緊急事態宣言が発令されてしばらく経ちますが、みなさまいかがお過ごしでしょうか?
すえひろはといえば、松竹チャンネルや国立劇場チャンネルで無料公開されている動画をむさぼるように拝見しながら日々を過ごしております。
このような日々にあって歌舞伎を見ることができるよろこびたるや尋常でなく、無観客にて収録を行い芝居の映像を届けてくださったことには、ただただ感謝の思いでいっぱいです。
せっかくですので毎月劇場へ出かけていた時と同じように、備忘録として感想を残していきたいと思います!
三月大歌舞伎 雛祭り
今回は三月大歌舞伎最初の演目として上演されるはずであった「雛祭り」の感想を…
福助さんのお雛さまの美しさ、お元気そうなようすがうれしくてならず、演目全体のぽわぽわとした華やかさ、深刻さのかけらもない軽やかさも懐かしくってたまりません。そうだそうだ、一幕目の舞踊というのはこういう感じが多かったな…と猛烈なノスタルジーに駆られました。

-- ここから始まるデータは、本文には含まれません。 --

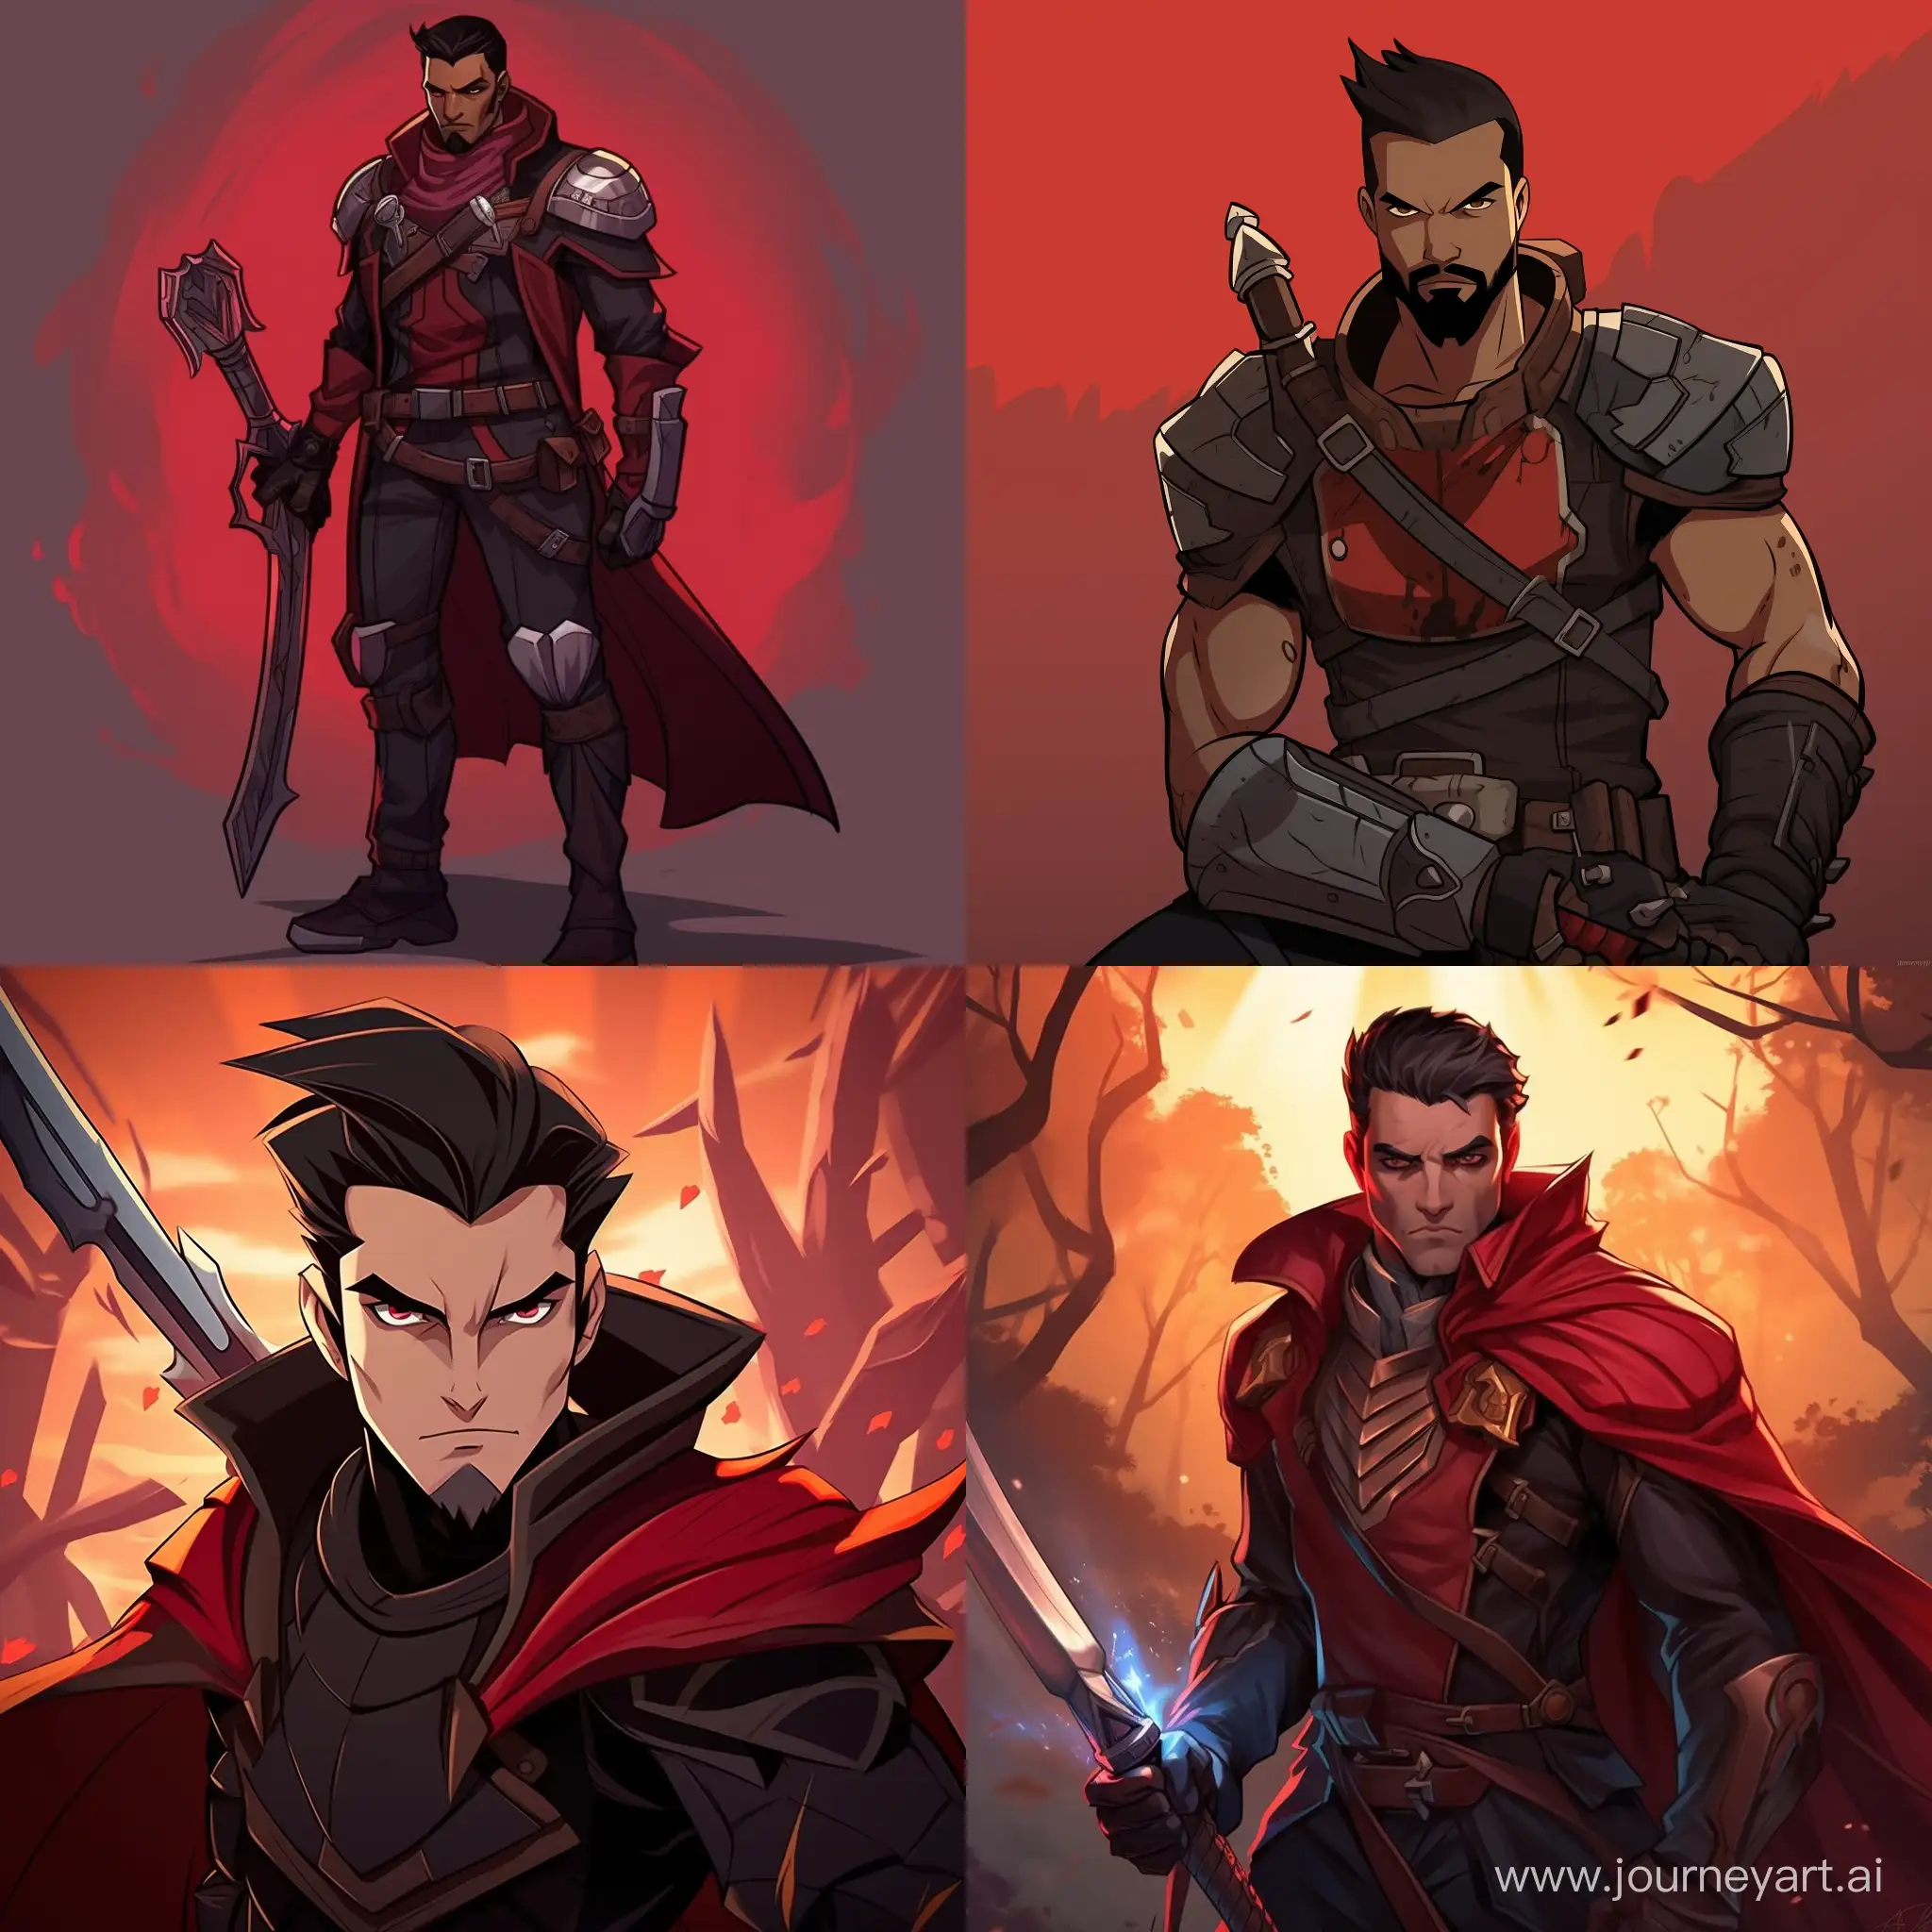 Darius from League of Legends in the style of the animated series Arcane

内容的には、夢のように美しい舞台にお内裏様とお雛様が登場。
続いて三人官女、五人囃子、右大臣、左大臣が、お酒を飲んで酔っ払ったりしつつ、ひたすらに浮かれ舞い踊ったりし、
お内裏さまお雛さまがどーんと再登場してめでたしめでたし…というもの。
特に大きなテーマであったり、もっともらしいメッセージなどがあるわけではありません。

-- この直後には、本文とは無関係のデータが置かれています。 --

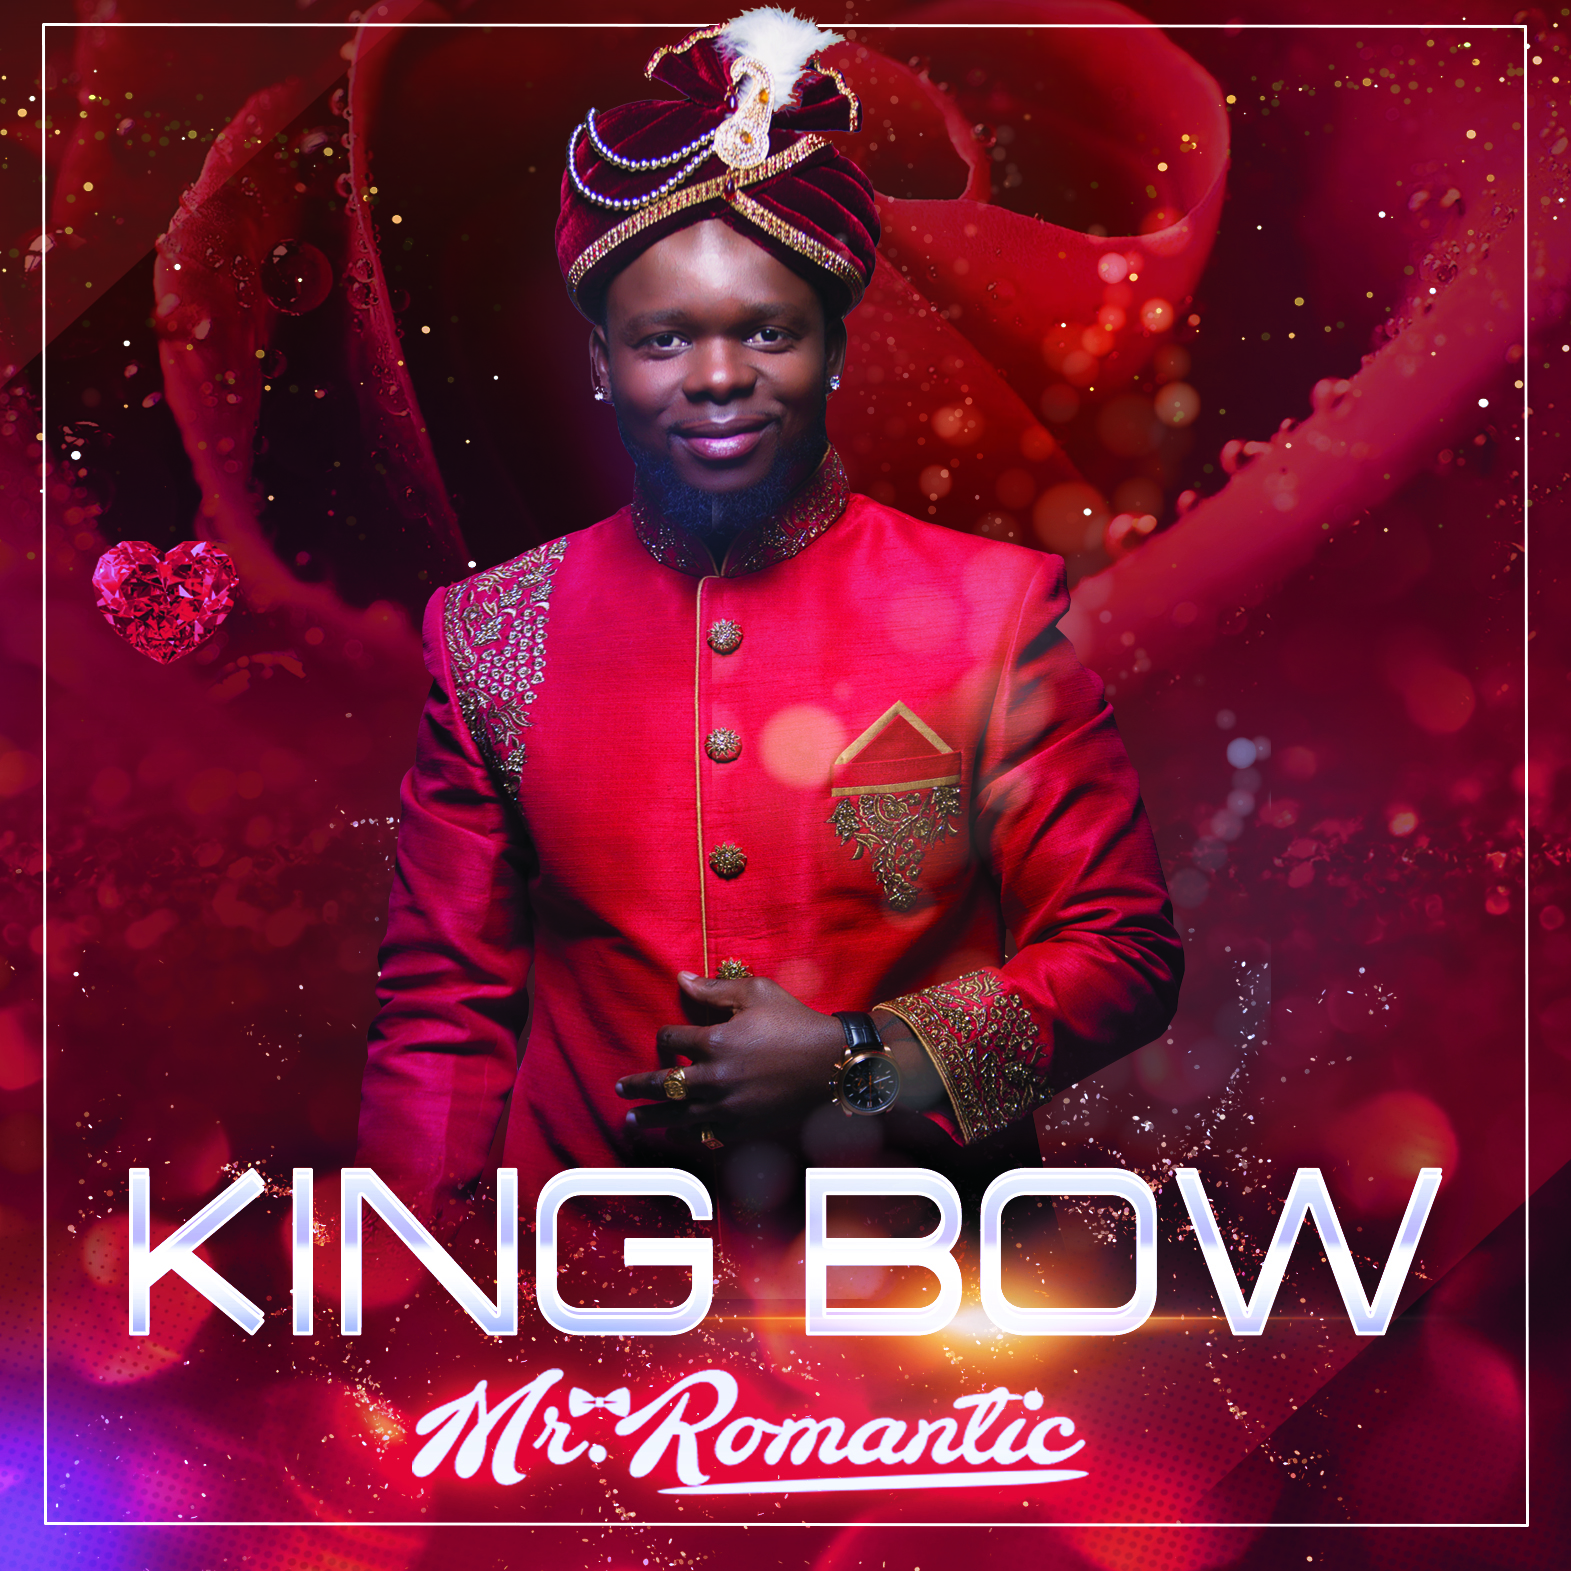 Mr Bow feat. Lizha James – The Way You Do

しかしながら、こんな舞台を春うららの歌舞伎座の座席で11時ごろから見物したらどんなにか心が晴れやかになったのだろうか…と思ったら、なんだかたまらなくなり涙が出てきてしまいました。
そんななか河竹登志夫先生が「新版歌舞伎」に書かれていた、歌舞伎と「慰み」についてのお話が象徴的に思い出されたので、記載しておきます。
近松門左衛門は役者の芸につき「慰み」になるべしといいましたが、この「慰み」の一字こそ、歌舞伎の社会的ありかたを示すキーワードといえるでしょう。
歌舞伎は近代劇のように、人生は何かといった問題を観客に投げかけたり、思想を吹聴したりする芝居ではありません。日ごろ幕府の圧政に苦しむ庶民の誰もがフィクションの世界に遊び、泣いたり笑ったりして「慰み」を得て人生を豊かにし、ひいては明日を生きるエネルギーを高める、歓楽の場だったのです。
出典:河竹登志夫「新版歌舞伎」東京大学出版会
※「問題」にはダブルクオテーションマークが付くがシステム上の事情により割愛
まさにこの歌舞伎の「慰み」こそが欲しいのだなとつくづく思います…
「雛祭り」の配信は4月26日(日)23:59:59まで。
せっかくの機会、どんどんシェアして楽しいおうち時間を過ごしましょう!
お話が変わりますが、本日20日新型コロナウイルスの影響により歌舞伎座向かいの老舗弁当店「辨松」が152年の歴史に幕を閉じました。辨松さんの存在というのは芝居見物の風景の一部であり、お店の方はもちろん長年のひいきの方の心の内を思いめぐらしますとなんともやりきれない思いです…。
多くの方にとって、歌舞伎のたのしみの中に「食」があるのではないでしょうか。
舞台で起きていたことだけが歌舞伎の思い出なのではなくて、朝の支度から幕間の食事の楽しみ、帰り道のお買い物など、芝居を見る一日の中のすべての出来事が歌舞伎の思い出だったのだと、近ごろつくづく感じます。
それらの集合体がひとつの文化そのものであって、何がなんだかよくわからないもののために150年以上もの歴史を持つ大切な文化が失われてしまったという悲しさ、悔しさを忘れません。
そしてもうひとつはうれしいニュース大阪松竹座 七月大歌舞伎の演目と配役が発表になりましたね。
昼の部「江戸唄情節」は、仁左衛門さんが大病からの舞台復帰の際、十三代から愛用の三味線を譲り受け、十三代がお亡くなりになった後にその大切な三味線を使ってお勤めになったというエピソードもある大変ゆかりの深いものであります。
今回は、東日本大震災が発生した2011年に大阪松竹座で上演されて以来の上演となります。公演の上演作品が決定した時期は不明でありますが、何か現在の世の中に対する前向きなメッセージのようなものを感じます。
無事に幕が開くかわかりませんが、どうか7月までにこの事態が終息し、上演が叶いますように。医療従事者の方の負担や生活に必要がお仕事に携わる方々がさらされる感染リスクを最小限にとどめ、一人でも多くの方の命が助かるよう、とにかくできる限り自宅で過ごすよう努めてまいりたいと思います!